An access token is needed to interact with the Speech API.

In [None]:
def get_token(subscription_key):
    
    fetch_token_url = 'https://' + region + '.api.cognitive.microsoft.com/sts/v1.0/issueToken?scope=speechservicesmanagement'
    headers = {
        'Ocp-Apim-Subscription-Key': subscription_key
    }
    response = requests.post(fetch_token_url, headers=headers)
    access_token = str(response.text)
    # print(access_token)

### Job Parameters
Give your transcription job a name and description, and provide details of any custom acoustic or language models you wish to use.

In [None]:
parameters = {
    "recordingsUrl": blob_url,
    "models": [],
    "locale": "en-GB",
    "name": "Sample Transcription",
    "description": "Batch Audio Transcription Test",
    "properties": {
        "ProfanityFilterMode": "Masked",
        "PunctuationMode": "DictatedAndAutomatic",
        "AddWordLevelTimestamps": "True"
    }
}

### Create a Transcription Job

In [None]:
req = requests.post(request_url, headers = {'Content-Type': 'application/json', 'Ocp-Apim-Subscription-Key': subscription_key, 'Authorization': get_token(subscription_key)}, data = json.dumps(parameters))

if req.status_code == 202:
    print("Job successfully submitted")
else:
    print("Job Failed - " + req.status_code + ". Refer to Swagger for error code documentation")

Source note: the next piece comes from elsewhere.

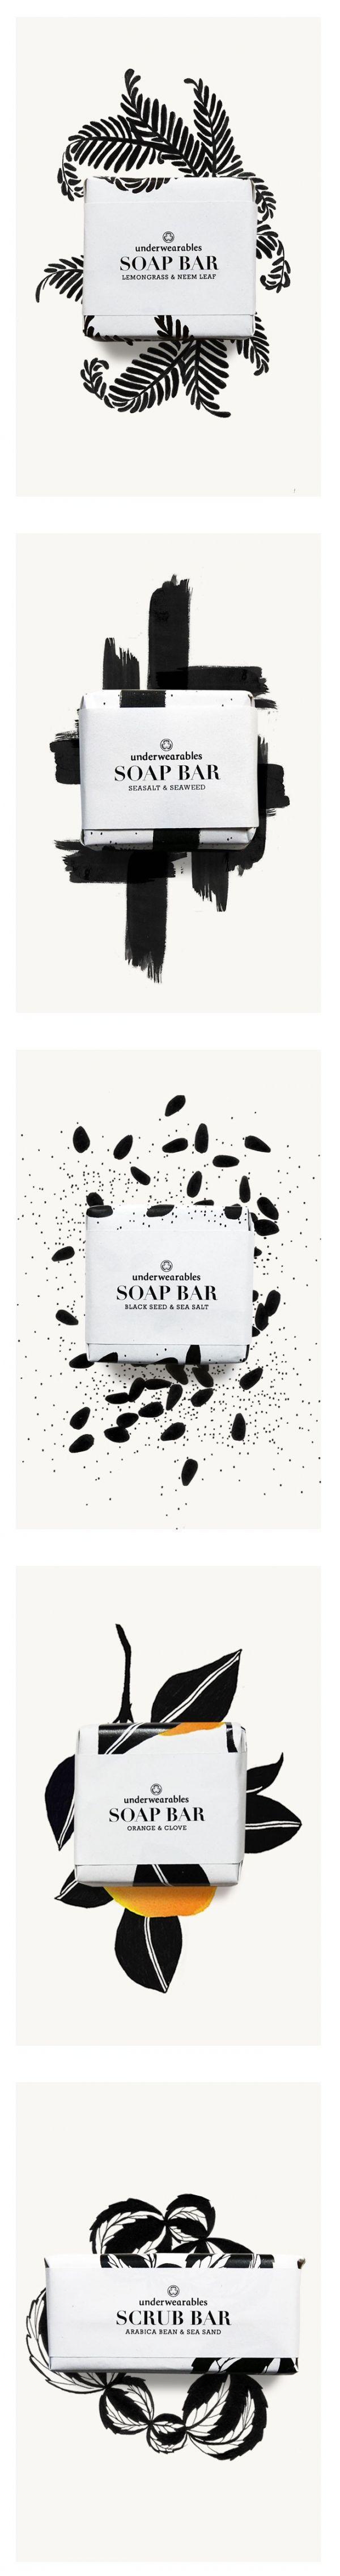 underwearables SOAP BAR #packaging

### Get List of Transcription Jobs and Job Status

Once submitted, you will need to check the progress of the transcription.

In [None]:
req = requests.get(request_url, headers = {'Ocp-Apim-Subscription-Key': subscription_key, 'Authorization': get_token(subscription_key)})

response = req.json()

i = 0

if len(response) == 0:
    print("No jobs submitted")
else:
    while i < len(response):
        r = "ID: " + json.dumps(response[i]["id"]) \
        + "\nStatus: " + json.dumps(response[i]["status"]) \
        + "\nURI: " + json.dumps(response[i]["recordingsUrl"]) \
        + "\nStatus Message: " + json.dumps(response[i]["statusMessage"]) \
        + "\nTranscription URL: " + json.dumps(response[i]["resultsUrls"]) + '\n\n'
        print(r)
        i += 1

## Transcription Data

This script downloads the JSON response for a completed transcription, and will load each output (if stereo) into a pandas dataframe showing each word, the offset from the start of the audio file, the duration, and the speaker.

In [None]:
# Replace <Transcription_ID> below with the ID of the relevant job
t_id = "/3f42c932-9b3a-4371-bedb-610327dfa7a3"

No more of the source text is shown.